Carnostatine hydrochloride (SAN9812 hydrochloride) is a potent and selective carnosinase 1 (CN1) inhibitor with a Ki of 11 nM for human recombinant CN1. Carnostatine hydrochloride can be used for the treatment of diabetic nephropathy (DN)[1].
Carnostatine (SAN9812) also inhibits CN1 activity in human serum and serum of transgenic mice-overexpressing human CN1. Carnostatine, with an IC50 value of 18 nM on human recombinant CN1 at a carnosine concentration of 200 µM, i.e., close to the Km of 190 µM[1].
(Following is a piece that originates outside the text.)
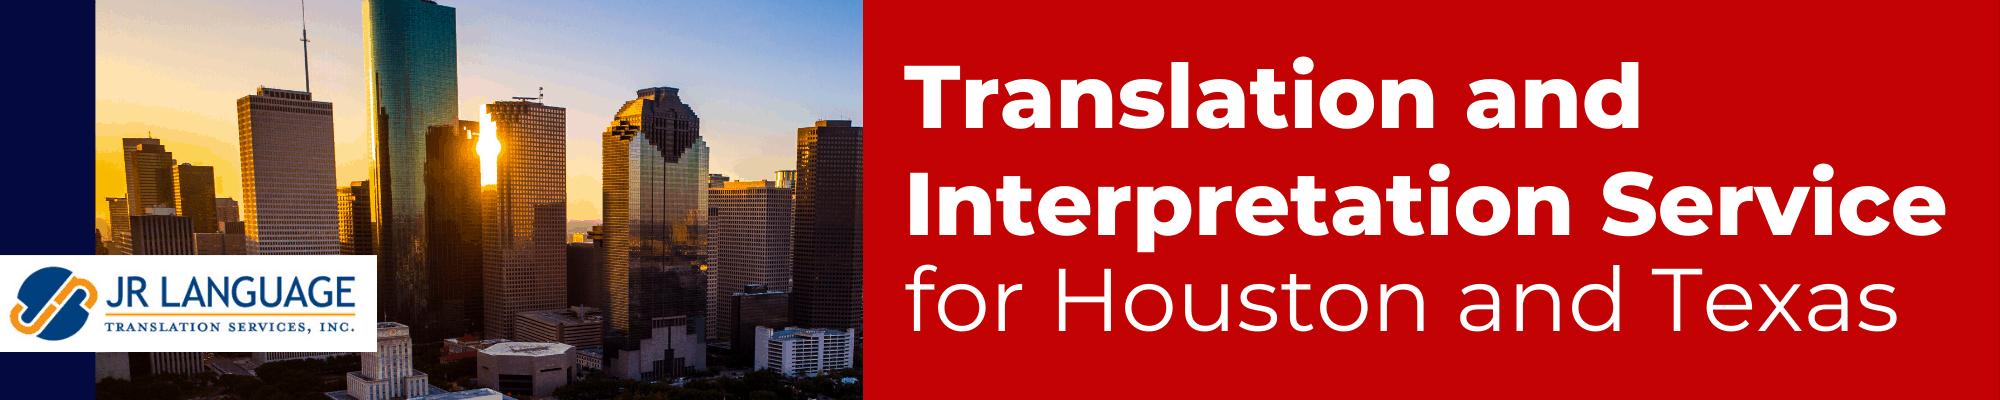 translation and interpretation services for Houston

Subcutaneous administration of 30 mg/kg Carnostatine (SAN9812) leads to a sustained reduction in circulating CN1 activity in human CN1 transgenic (TG) mice. Simultaneous administration of Carnosine and Carnostatine increases carnosine levels in plasma and kidney by up to 100-fold compared to treatment-naÏve CN1-overexpressing mice[1]. Animal Model: Human carnosinase (CNDP1) transgenic mice on a BTBR wt/ob background[1]
[1]. Qiu J, et al. Identification and characterisation of carnostatine (SAN9812), a potent and selective carnosinase (CN1) inhibitor with in vivo activity. Amino Acids. 2019 Jan;51(1):7-16.